Secondo molti, la vicepresidenza di Fitto non è solo un modo per riconoscere una maggiore rilevanza all’Italia, uno dei paesi più popolati e con l’economia più grossa dell’Unione, ma anche per allargare la base di consensi della Commissione. Nel Parlamento infatti non ci sono coalizioni permanenti come nei parlamenti nazionali. Le maggioranze si formano sugli specifici provvedimenti da votare, e possono quindi cambiare di volta in volta. Nella scorsa legislatura la stragrande maggioranza delle proposte era stata sostenuta da Popolari, Socialisti e Renew Europe (il gruppo centrista), che si sono impegnati a collaborare anche in questa, ma in modo meno vincolante.

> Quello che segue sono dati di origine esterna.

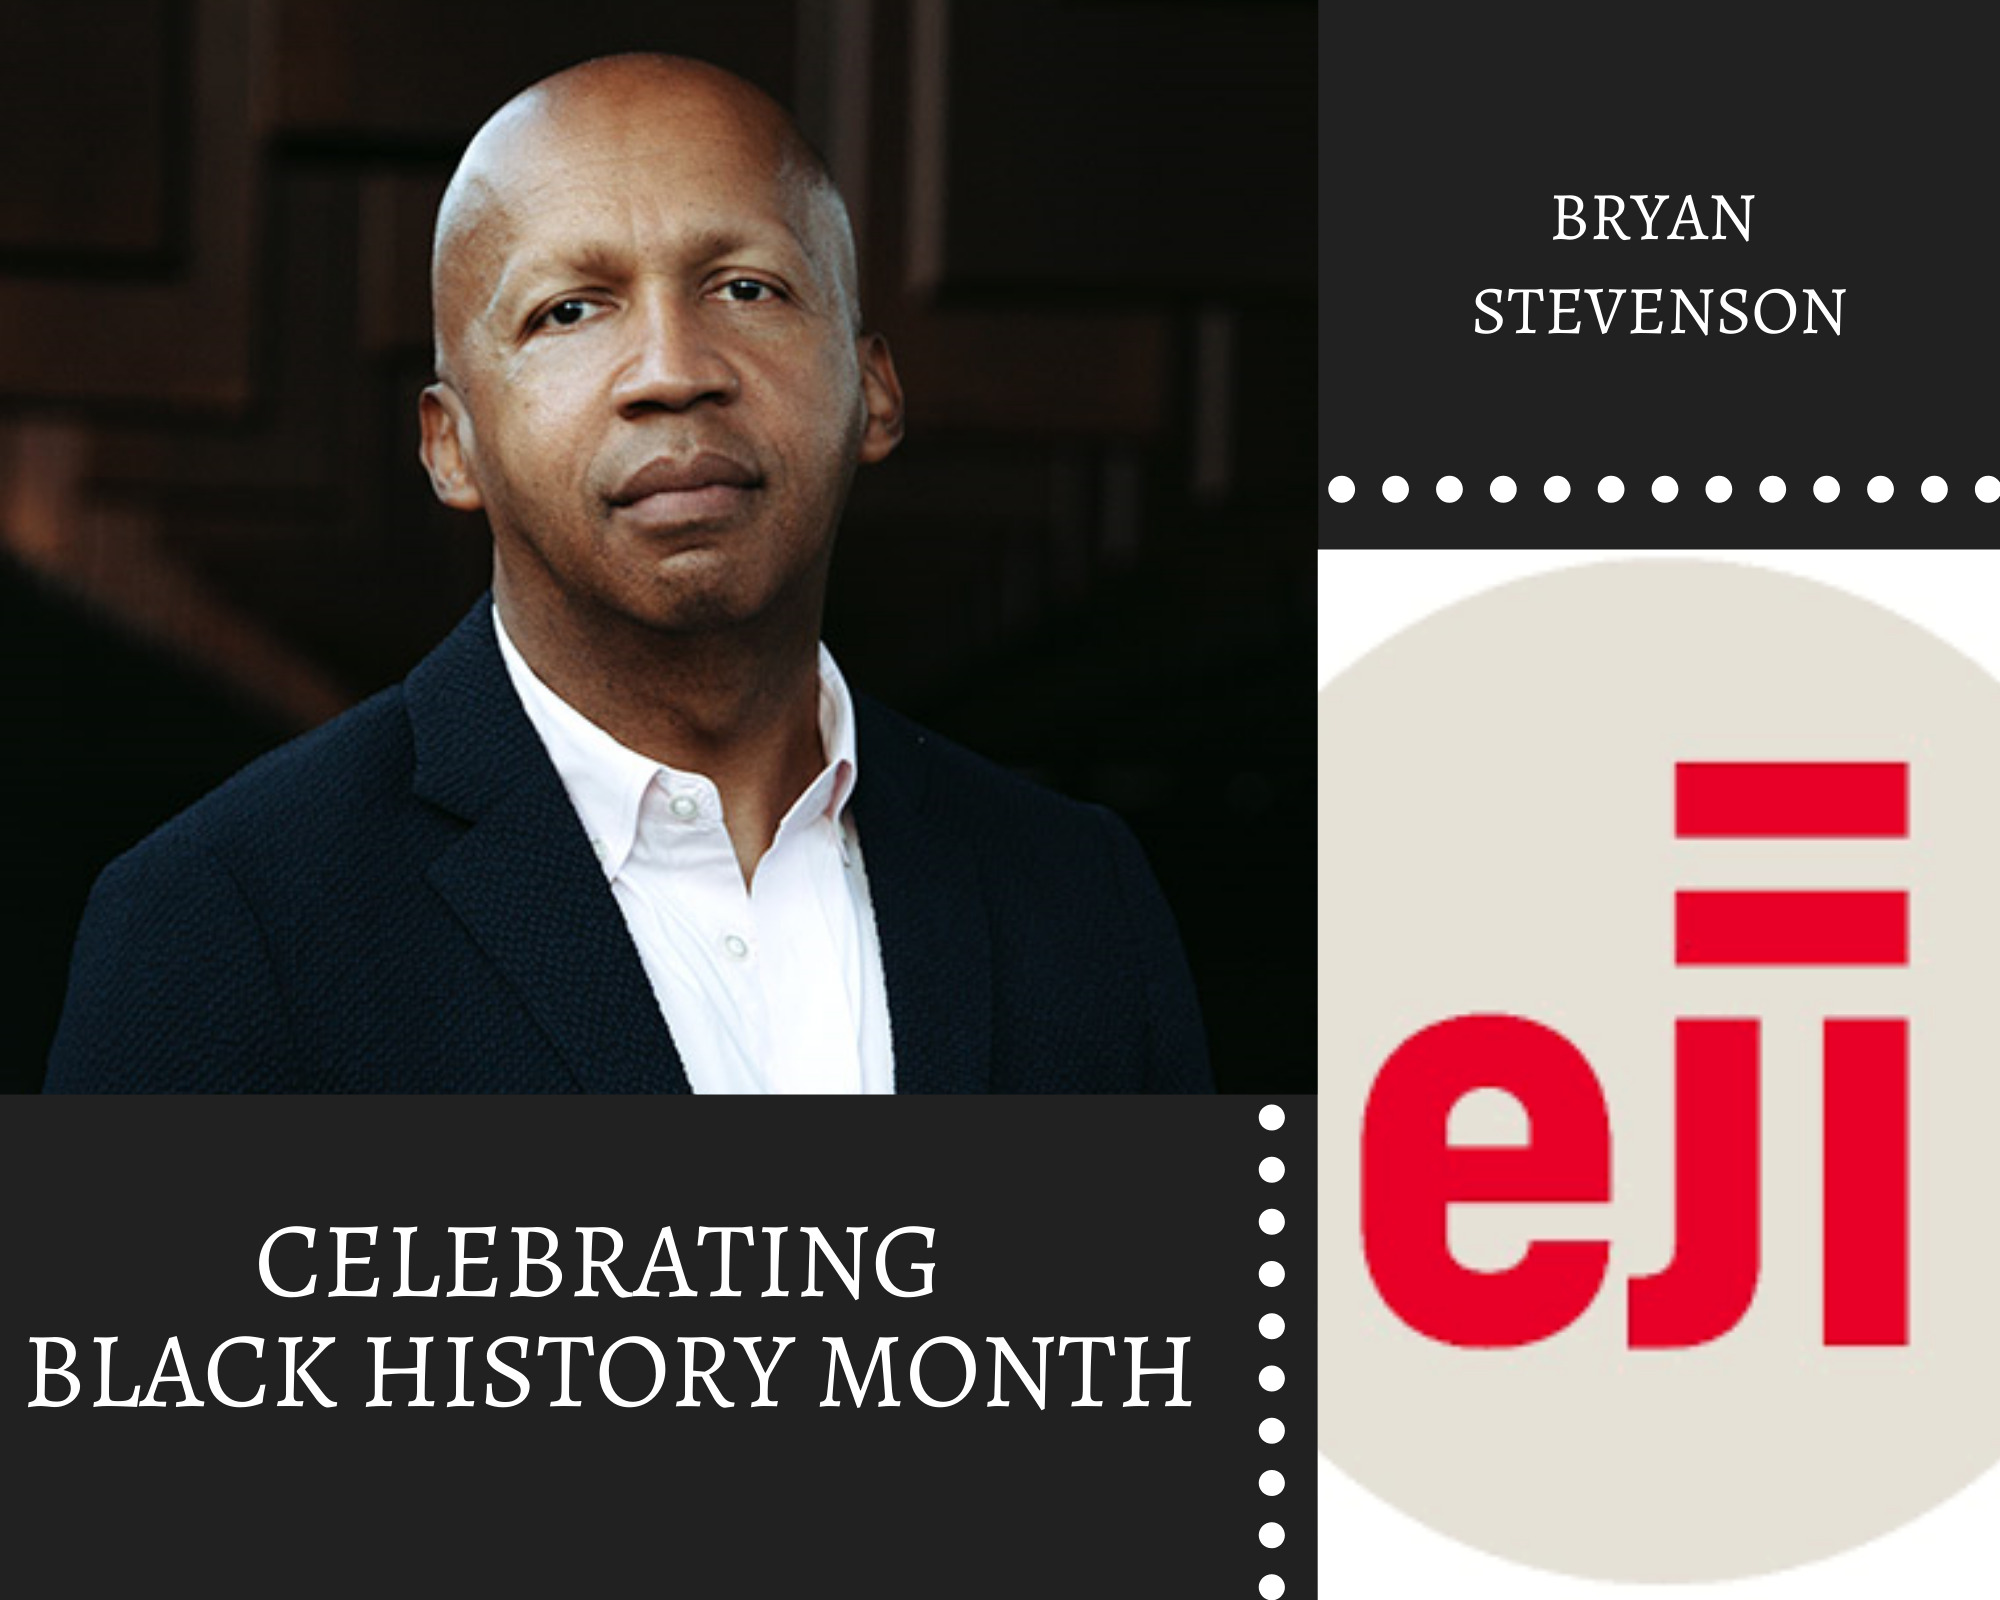 Christian Academy School System | Celebrating Black History Month | Bryan Stevenson
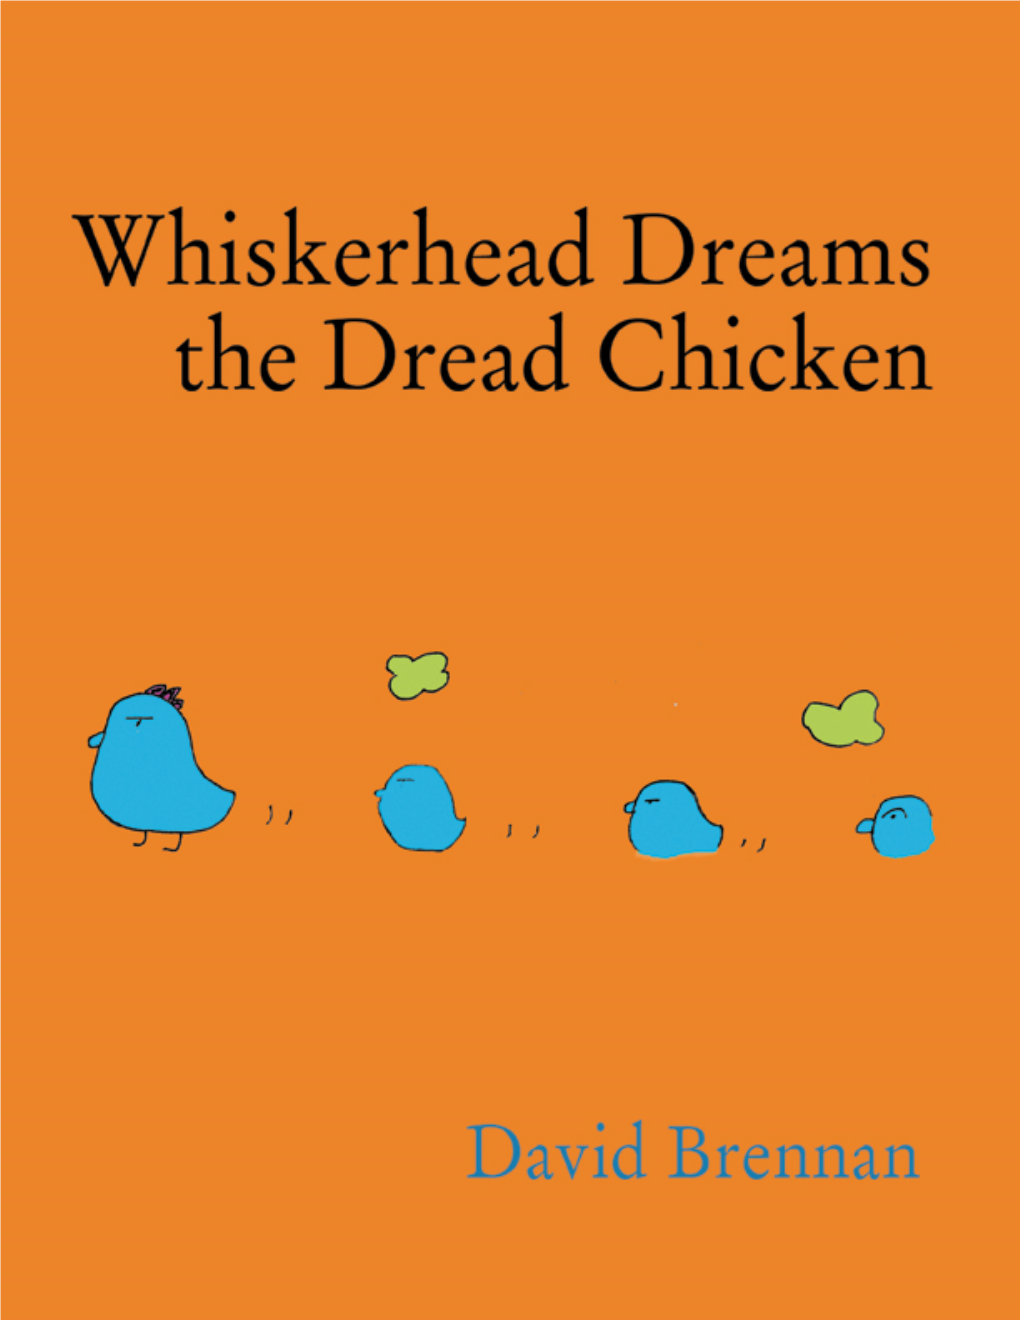 Whiskerhead Dreams the Dread Chicken by David Brennan Copyright © 2008

Al contrario alcuni esponenti del Partito Popolare Europeo si sono opposti nello specifico alla nomina di Teresa Ribera: i parlamentari Popolari spagnoli la accusano di avere delle responsabilità nella pessima gestione delle disastrose alluvione di Valencia di fine ottobre, in quanto vice-prima ministra con la delega alla Transizione ecologica nel governo spagnolo. Anche i Popolari sloveni avevano annunciato che avrebbero votato contro la Commissione, in protesta alla scelta di nomina della commissaria per il paese.
Anche i Conservatori e Riformisti, guidati da Giorgia Meloni, hanno votato divisi secondo le delegazioni nazionali: i 25 parlamentari italiani e i tre fiamminghi avevano già detto che avrebbero votato a favore della Commissione, mentre molti degli altri, fra cui gran parte della delegazione polacca (la più numerosa nel gruppo dopo quella italiana), hanno votato contro.
Mentre fra i gruppi che tendenzialmente sostengono von der Leyen ci sono state divisioni più o meno grosse (a parte Renew, in cui c’è stata solo qualche astensione), i gruppi contrari alla Commissione hanno votato compatti. I parlamentari della Sinistra (di cui fanno parte Sinistra Italiana e il Movimento 5 Stelle), dei Patrioti per l’Europa (che include la Lega) e dell’Europa delle Nazioni Sovrane hanno tutti votato contro alla Commissione.